More than a year after receiving initial marketing approval from the Food and Drug Administration (FDA), Pfizer Inc. appears ready to launch eplerenone, a selective aldosterone blocker to be sold under the brand name Inspra.

FDA initially approved eplerenone last year for the treatment of hypertension. Pfizer, which acquired the product through the company's merger with Pharmacia Corp., delayed marketing the product while it was under FDA priority review for a new indication, the treatment of congestive heart failure (CHF) secondary to an acute myocardial infarction.
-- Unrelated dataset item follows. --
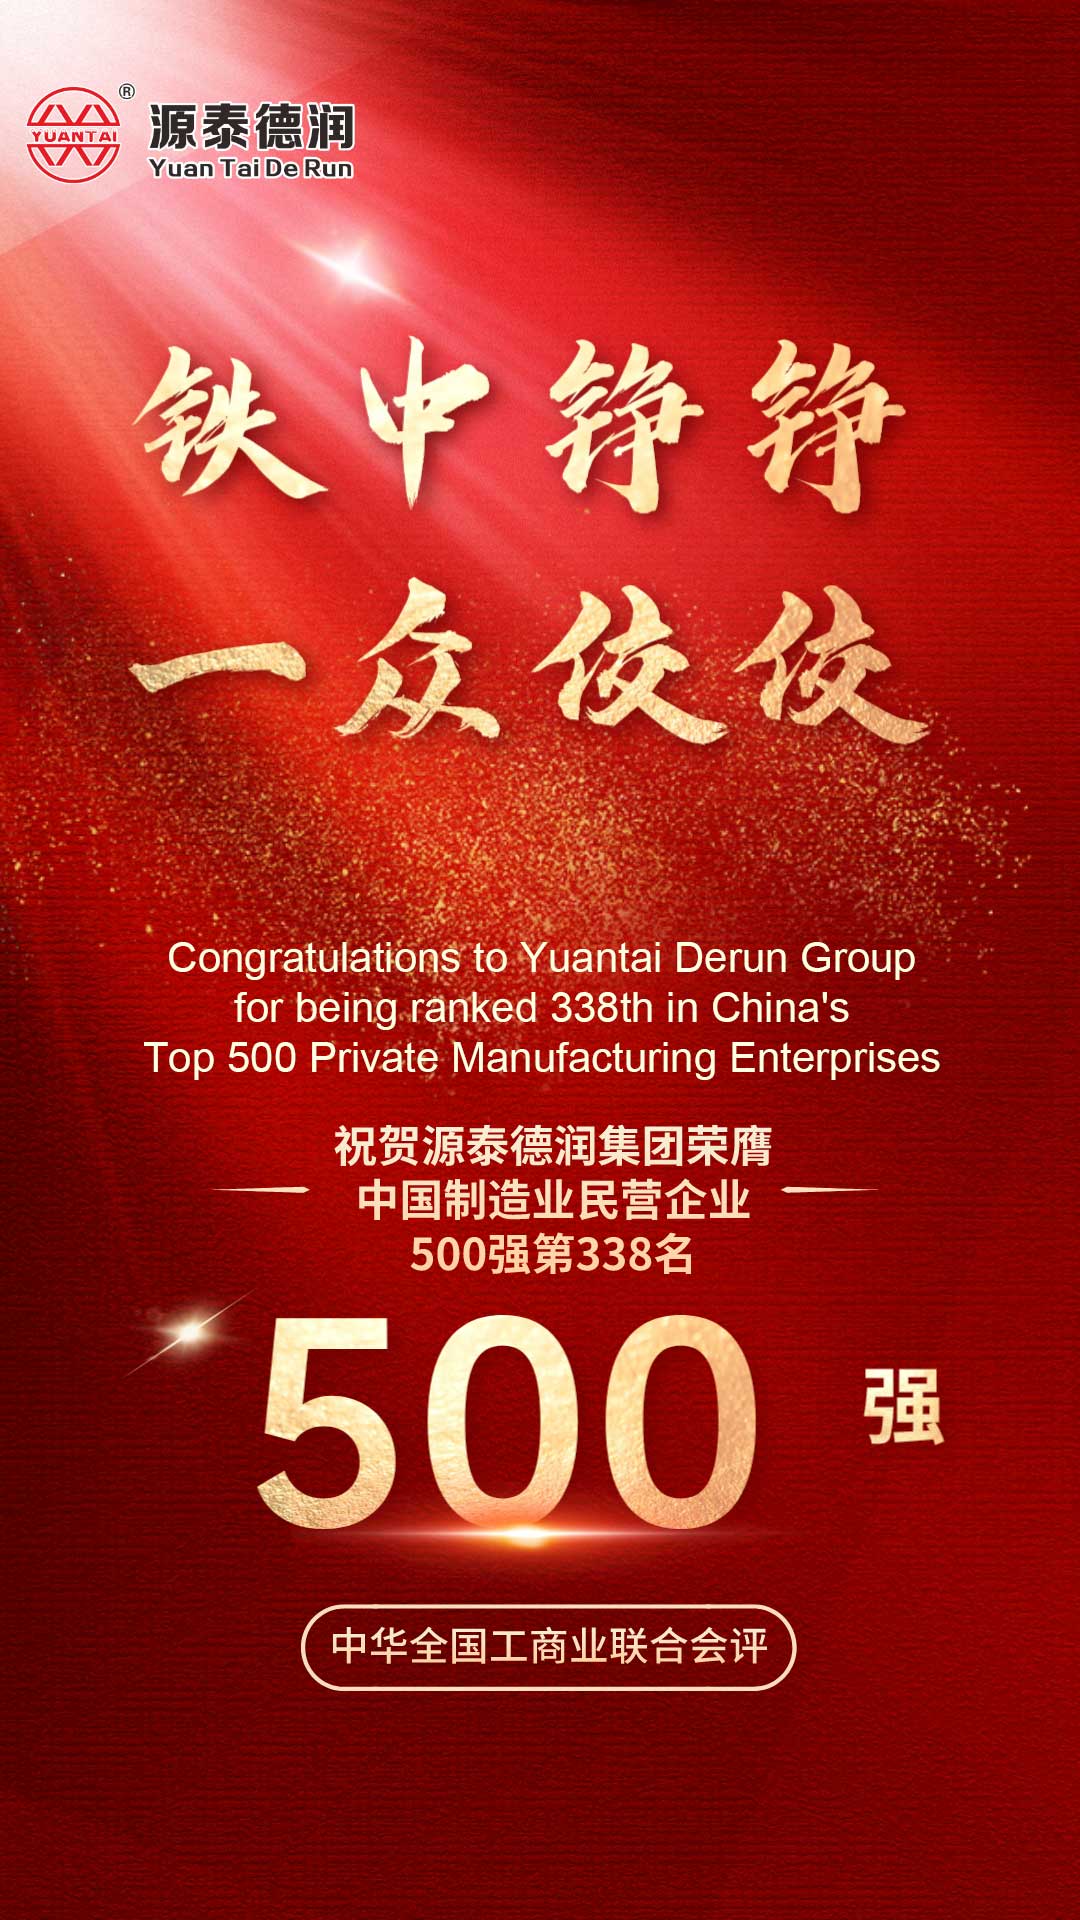 מזל טוב!Tianjin Yuantai Derun Group זכתה בכבוד להיות רשומה ב
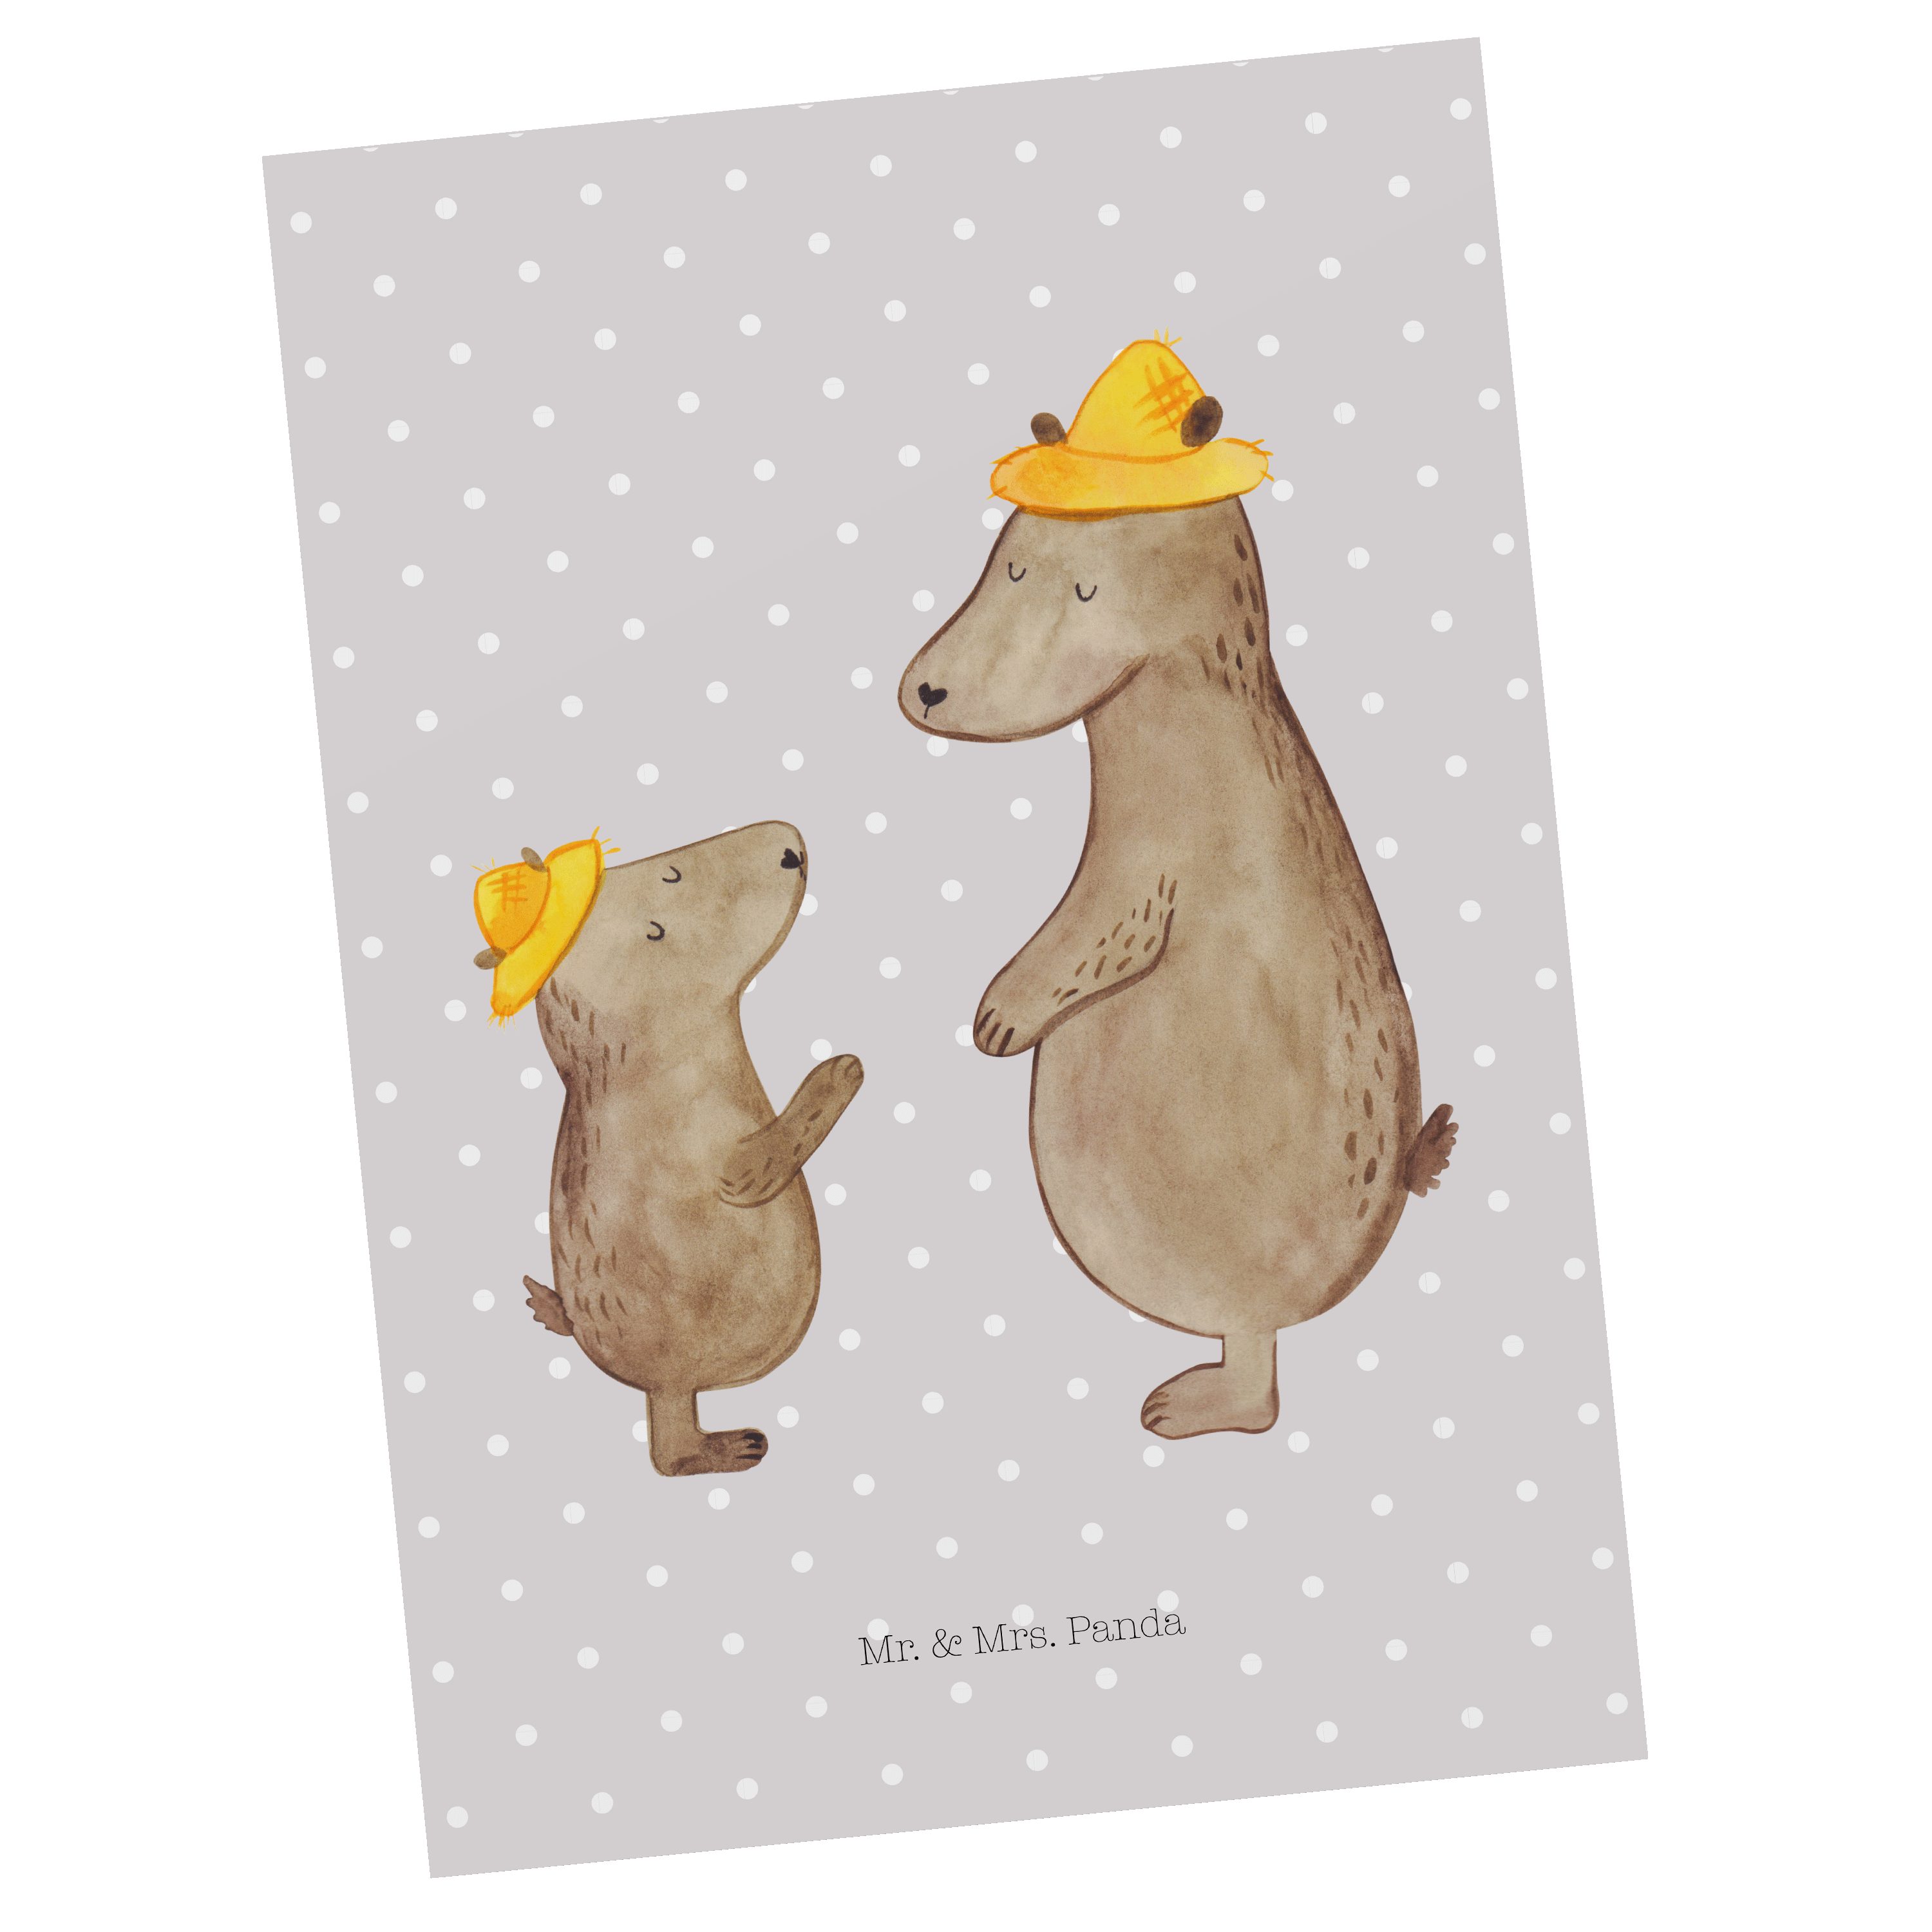 Mr. & Mrs. Panda - Pastell Hut Papi, Geschenk, Dad, Grau Postkarte mit Vatertag, Bären - Karte

FDA announced today that it has approved the CHF indication—a first for any drug in the class. According to the agency, eplerenone therapy was associated with a 15 percent reduction in the risk of death in a placebo-controlled clinical trial involving myocardial infarction survivors with CHF. A Pfizer press release noted that patients in the study received standard therapy, including beta-blockers and angiotensin-converting-enzyme inhibitors, along with eplerenone or placebo.

Revised labeling covering the CHF indication was not available at press time.

According to the product's previously approved labeling (PDF), Eplerenone is contraindicated in patients with a high potassium level, renal insufficiency, or diabetes mellitus associated with microalbuminuria or who are taking a potassium supplement or potassium-sparing diuretic.

The previously approved labeling states that eplerenone will be available in 25-, 50-, and 100-mg tablets in 30- and 90-count bottles and in unit dose packages. The recommended starting dosage for the hypertension indication is 50 mg once daily, taken alone or with other antihypertensive medications.

Pfizer announced that it will make eplerenone available to patients with CHF next month through an "Early Access" program. The company expects the product to be available in pharmacies in December.